I was hoping that just brute-force of gpu will help me get up in the leaderboard. :slight_smile: But apparently that wasn’t the case :D.

A100 on JV is 40GB, but I wrote to DC as well as the A6000 runned out, and they claim to resolve the issue. I will give it a try and let you know.


This is my plan too :smiley: … just to see if it works, maybe add a few more models in the ensemble and tweak the sizes a bit, maybe get a few tenths of a percent more out …

I am sure brute-force approach of gpu is working and burning compute is way to be on top of leaderboard atleast the public leaderboard :pray:. TBH that is exactly what I have also done also. I have shared my approach here:

From burning few GPU hours, I don’t think training transformers architectures like Swin, VIT for large epochs doesn’t give great results. That’s why I personally ask to trust the results of Jeremy study on the best vision models for fine tuning, as my it was a late night experiment with Convnext which took me to the top :smile:


On A100 80GB, I ended up with 0:48 per epoch, memory usage of 77GB at a batch size of 128.
A batch size of 64 was 0:49 so only marginal improvements with a large batch size.

GPU utilization is not ideal but fairly good.

I can share my image to anyone interested or dependency list. Running on Cuda 11.3 with Pytorch 1.11.0.

Thanks for sharing Ruben! I think @piotr.czapla might be interested :smiley:

It seems the timings have improved (almost 3x improvement IINM,) is it a special image or some tweaks that were done to bring down the time/epoch from the ones originally mentioned by Piotr above?

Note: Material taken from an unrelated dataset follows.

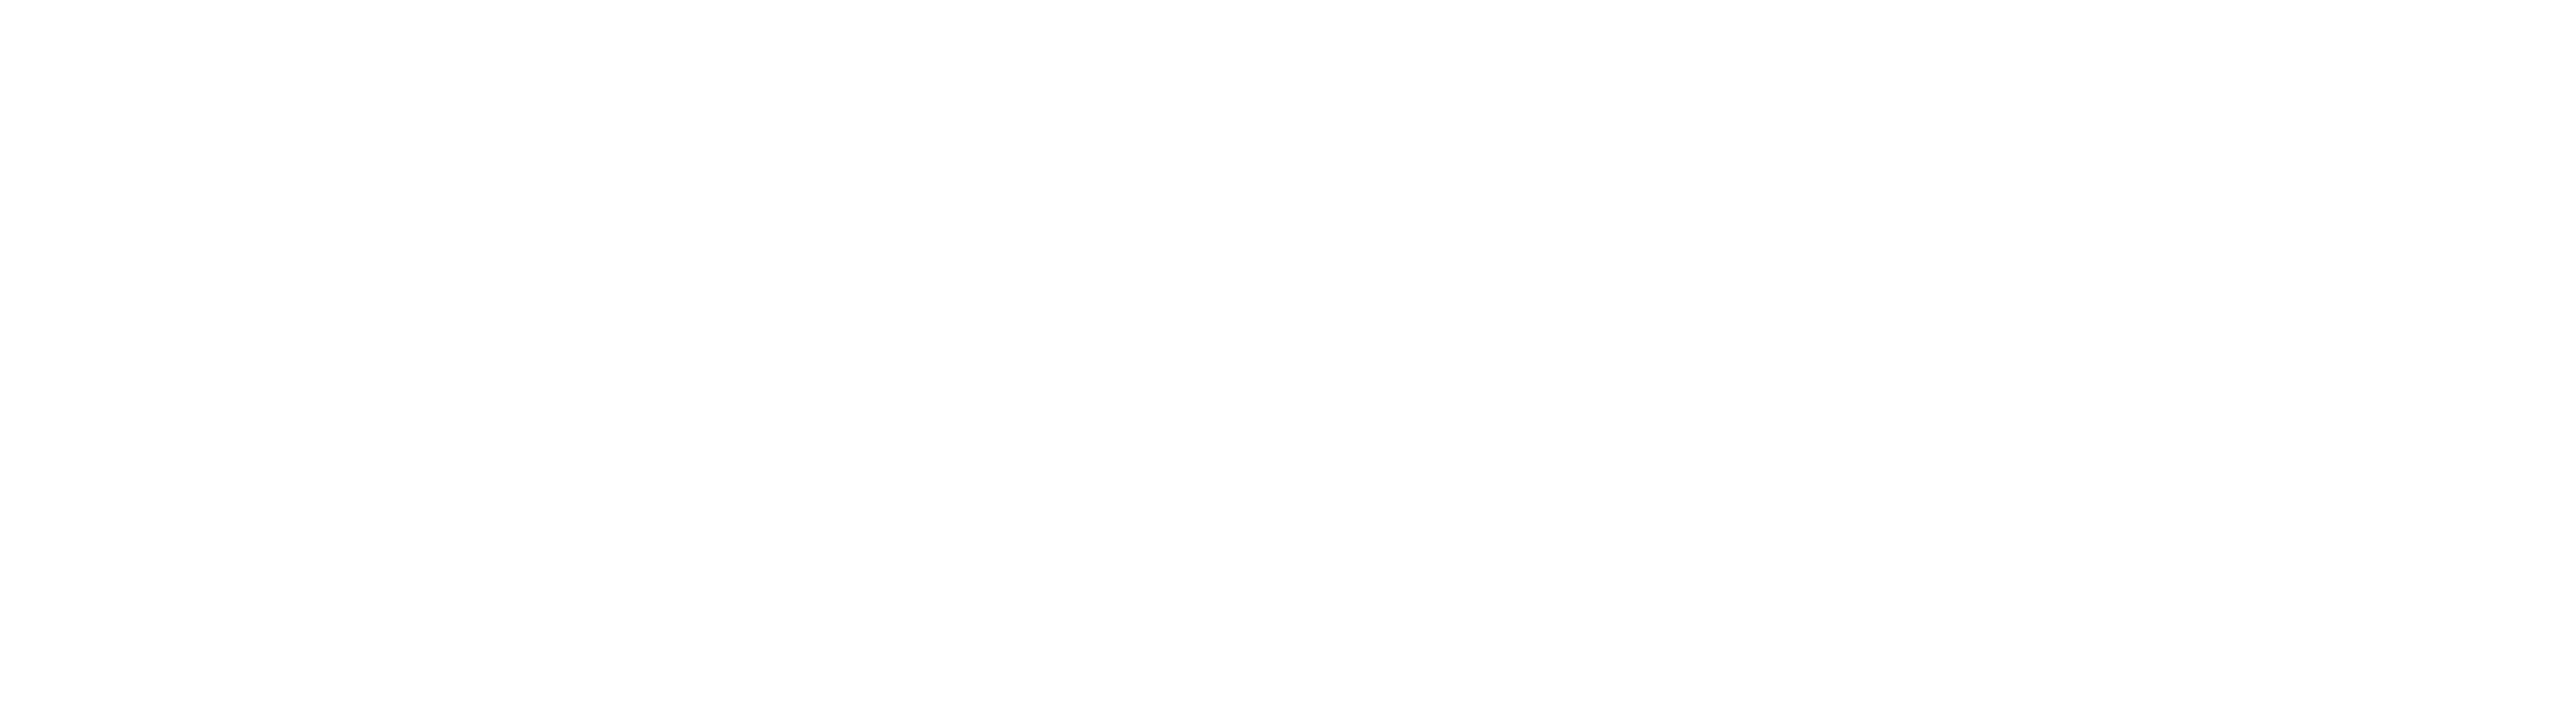 楽天モバイルeSIM「超」入門ガイド
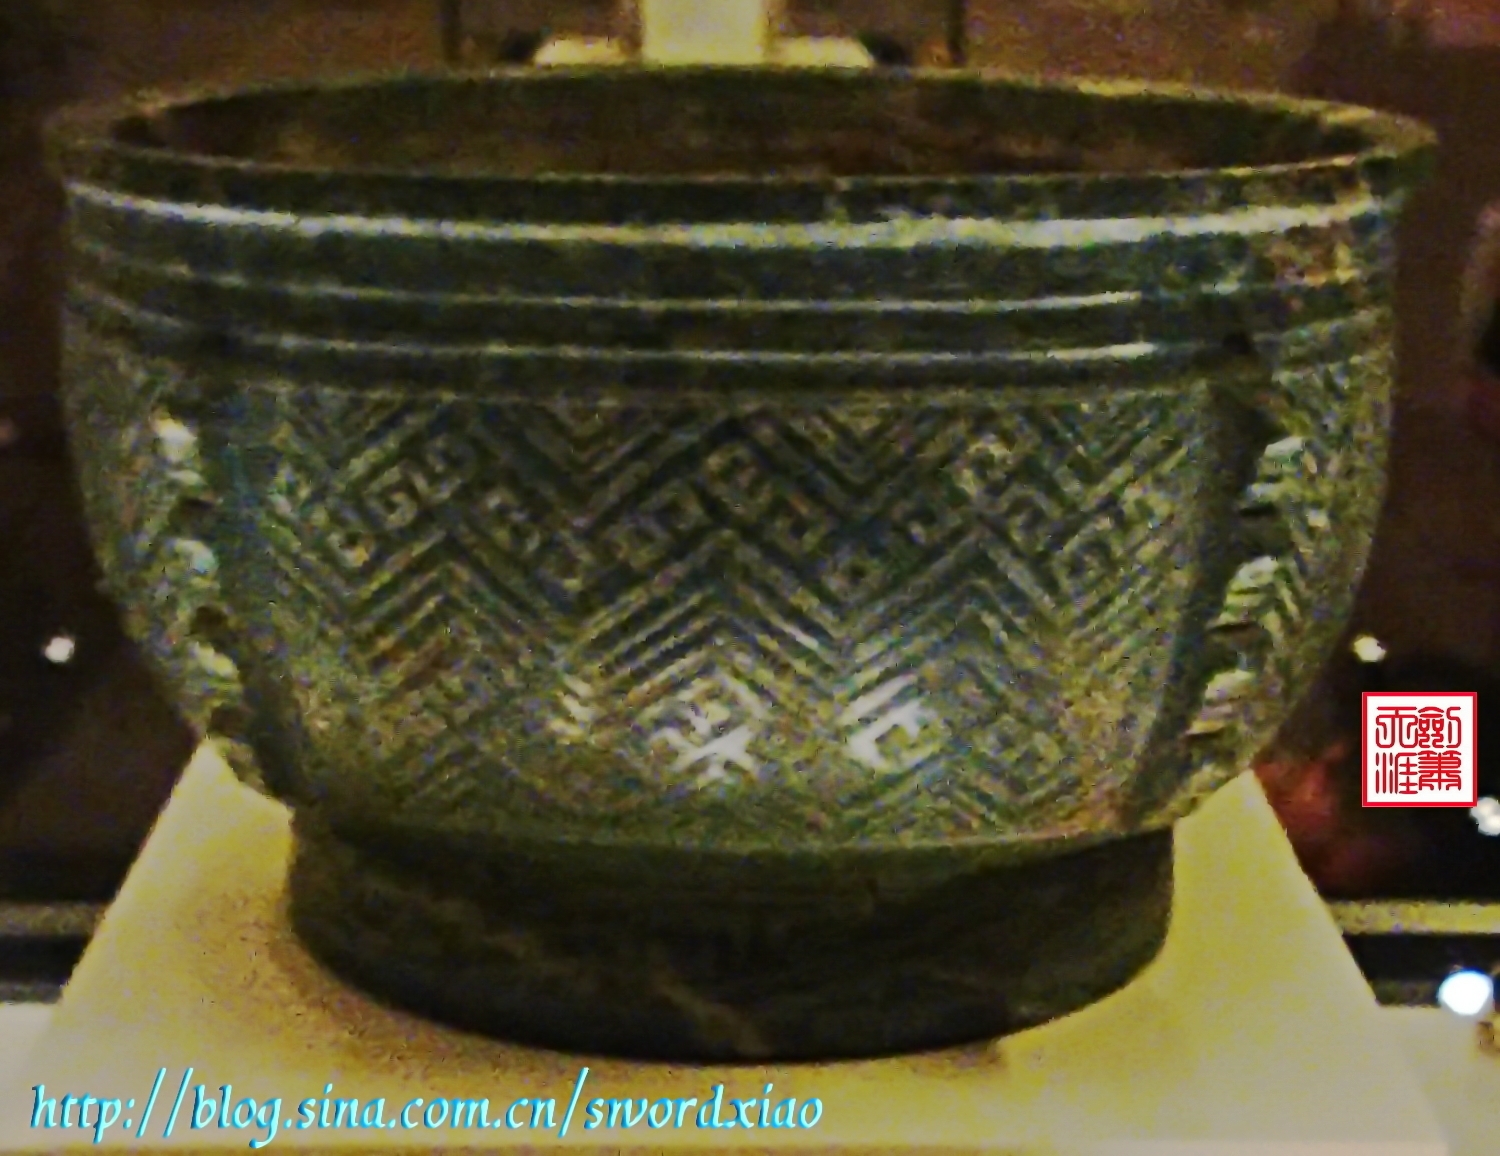 中国国家博物馆之古代器皿篇——京城漫游二青玉簋| 剑箫天涯

Our FastAI image is outdated (working on it :no_mouth:) so I started with a clean slate.
I took our Ubuntu 20.04 image and installed Fastai with this env.yml:

name: fastai
    - fastchan
    - fastai
    - pytorch
    - defaults
  - cudatoolkit=11.3
  - fastai>=2.7.4
  - jupyterlab
  - python>=3.10.4
  - pytorch=1.11
  - torchvision=0.12
  - pip
  - pip:
    - -r requirements.txt



I had to pip install “timm>=0.6.2.dev0” as well as mentioned above.
We’ll be rolling out an updated fastai image which will run this out of the box.

Thanks, @mike.moloch :blush: We have also updated to the latest fastai and timm versions.


I still see fastai version as 2.6.3 when latest version v2.7.4 in JL

Fixed now. It was not reflected in the UI :blush: earlier.


@Ruben, thank you for taking care of the issue. I was running the latest version of fastai and timm so the fix is coming from other dependencies (cudatoolkit perhaps?). Let us know once the image is fixed.